Catching the Earth Nude in Newfoundland

· Updated on March 23, 2023

Here among black spruce on the rugged western edge of Newfoundland in Gros Morne National Park, we are battling a brisk wind that has rammed itself across the Gulf of St. Lawrence.

Along with soaring shorebirds and spits of rain, it brings us diction.

Words like tuckamore.

Tuckamore (plural tuckamores)—noun—A spruce tree bent and entangled by winds on the coastal shores of Newfoundland.

Some Newfoundlanders I meet simply just call it tuck.

These tucks are tight as Trinity’s, not so much meaty but very, very evergreen. These tuckamores are the result of relentless calamity, of gales and spindrift, another word the wind delivers. A phenomenon that has salted the coniferous cleanliness of these hardy spruce needles.

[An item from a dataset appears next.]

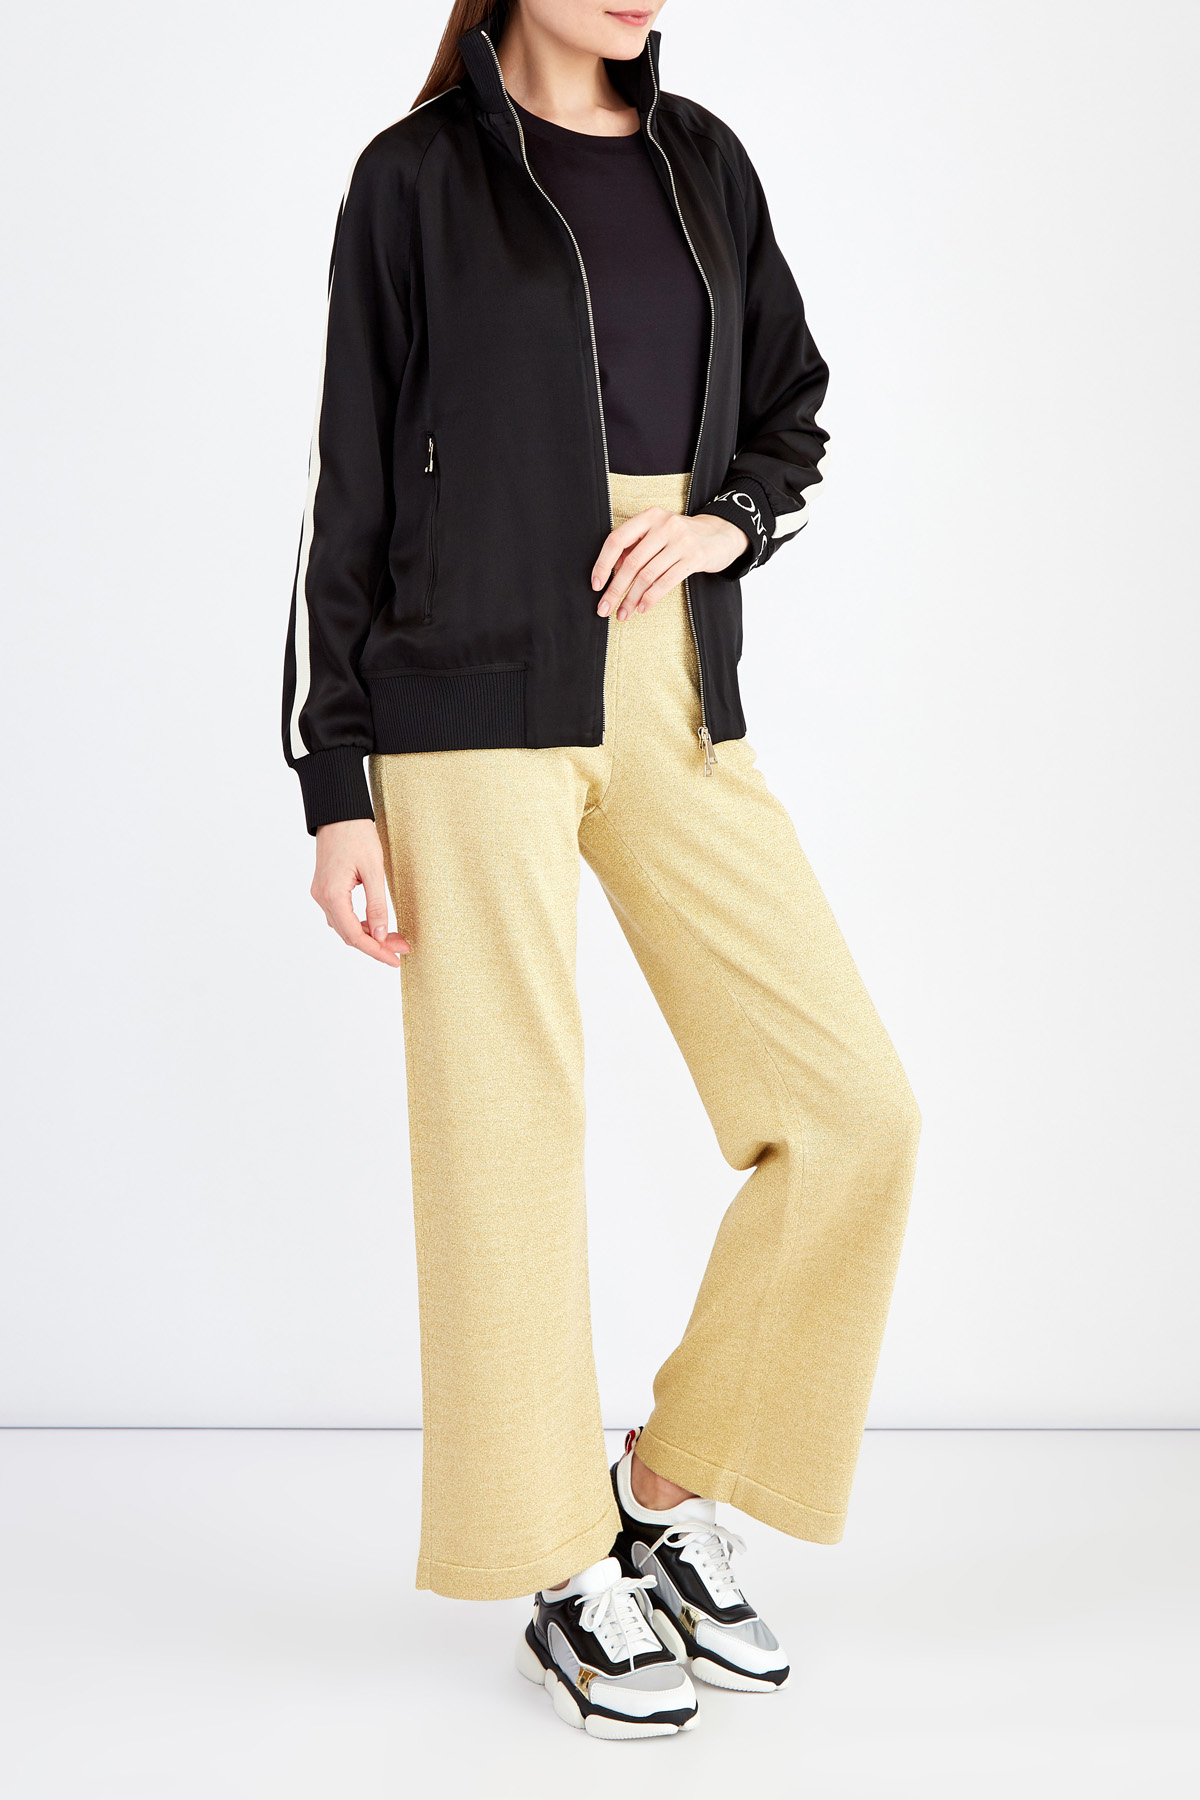 Широкие брюки из мерцающей пряжи с люрексом золотистого цвета MONCLER, размер 42 - фото 2
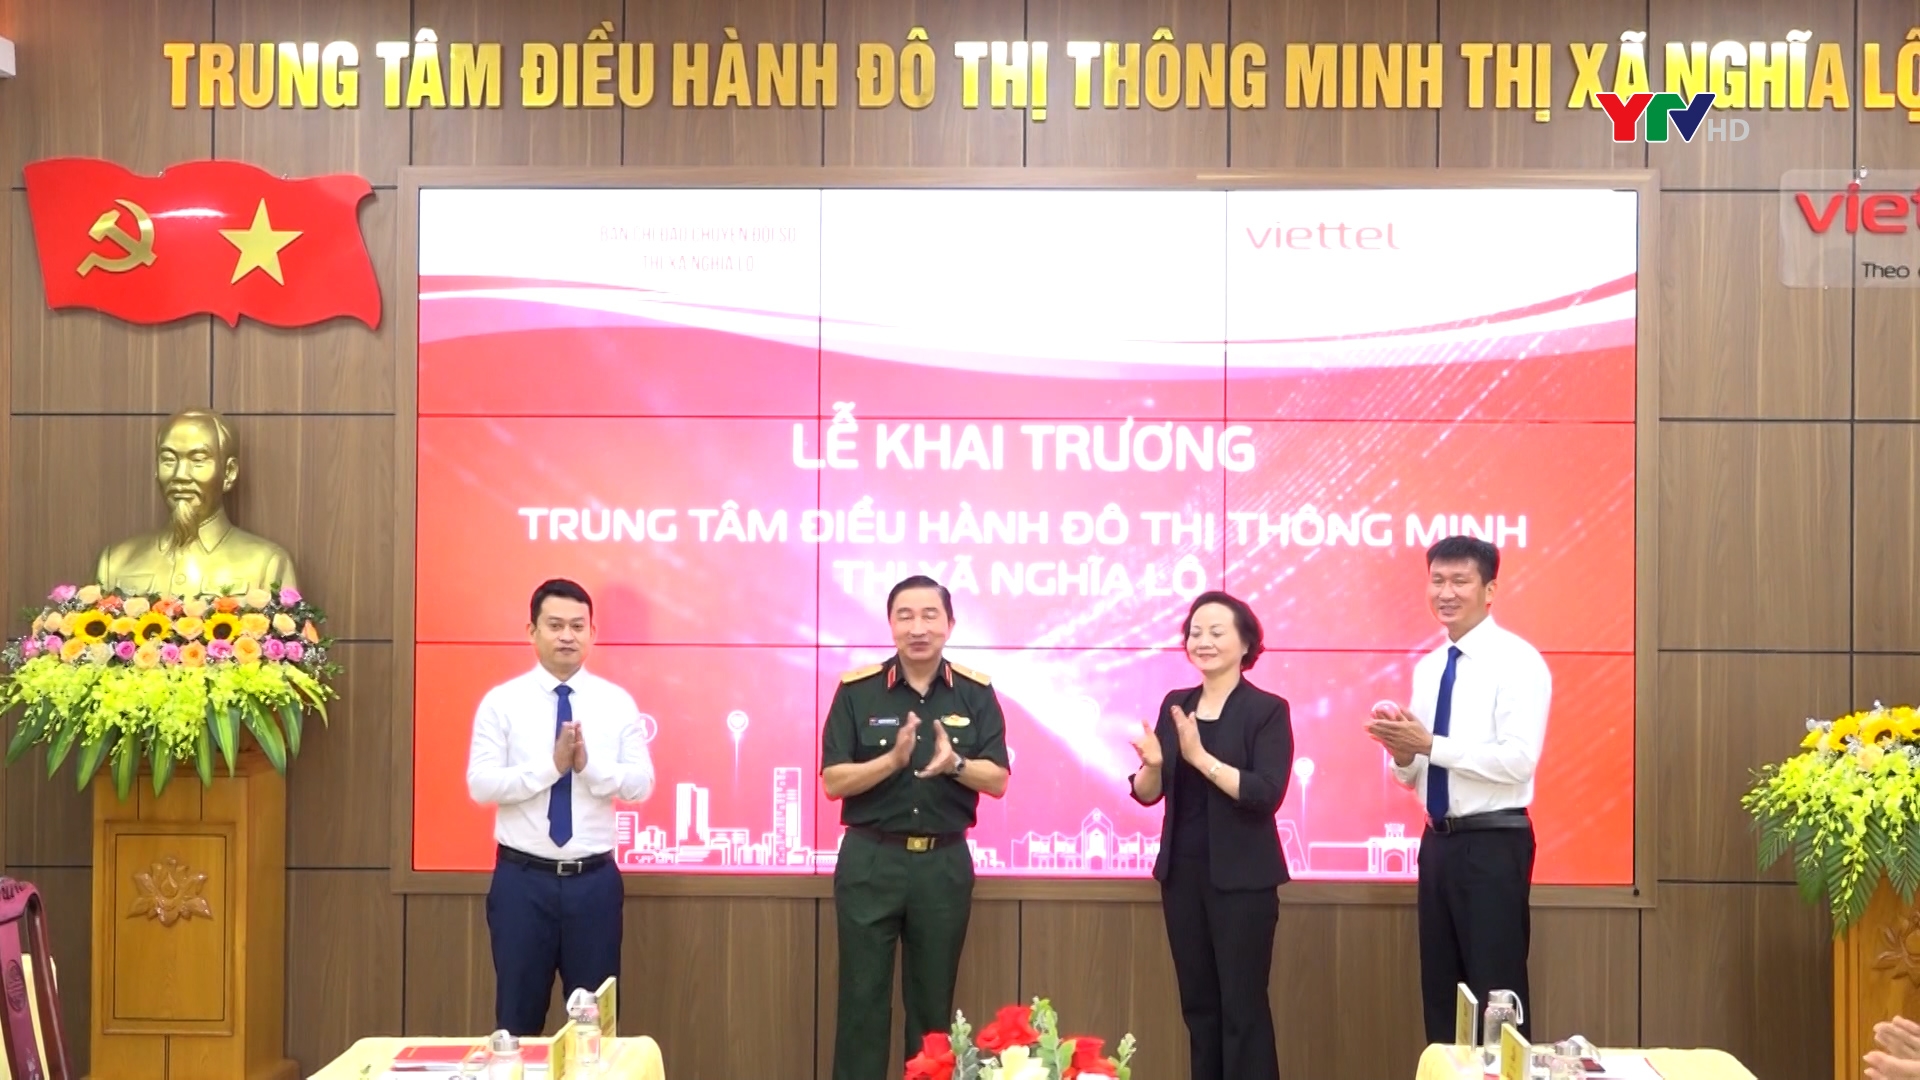 Đồng chí Bộ trưởng Bộ Nội vụ Phạm Thị Thanh Trà dự khai trương Trung tâm Điều hành đô thị thông minh thị xã Nghĩa Lộ

Spindrift—noun—Sea spray, especially spray blown from waves during a gale.

These dwarfed trees crouch on the high cliffs.

They look like green clouds stretched by a high wind,  like cotton candy pulled from the paper stem, like the well-groomed but irregularly-shaped beard of an old, wizened man—like shapes I know I’ll have a hard time reimagining when I try to configure them in prose.

These trees are little heroes, I surmise. Brave little queeros.

Mascots in self-worth and survival.

They have been bruised and battered by the insults and harassment of northern Atlantic winds; tortured by snows, ice, sleet, and bone-chilling rain.

Yet still, they retain their place on the unforgiving terrain.

Their resistance is persistence.

They survive by shaping themselves, by streamlining themselves so that the wind glides over them.

They are immune to torment; made themselves invincible to wretchedness by banding together to form an impenetrable fortress.


Like the trees, I cower high above the sea for relief from the wind. My rain jacket is spruce green and I duck beside the tuckamore and I wonder how long it takes one to be bent out of shape, into invincibility.

I look out over the sea through my binoculars hoping for puffins and albatross, but I zoom in as far as I can and seek the North American mainland on the horizon.

It is too far.

I can only imagine the mainland of Canada—of maritime Québec and the mystery of Labrador to the far, far North.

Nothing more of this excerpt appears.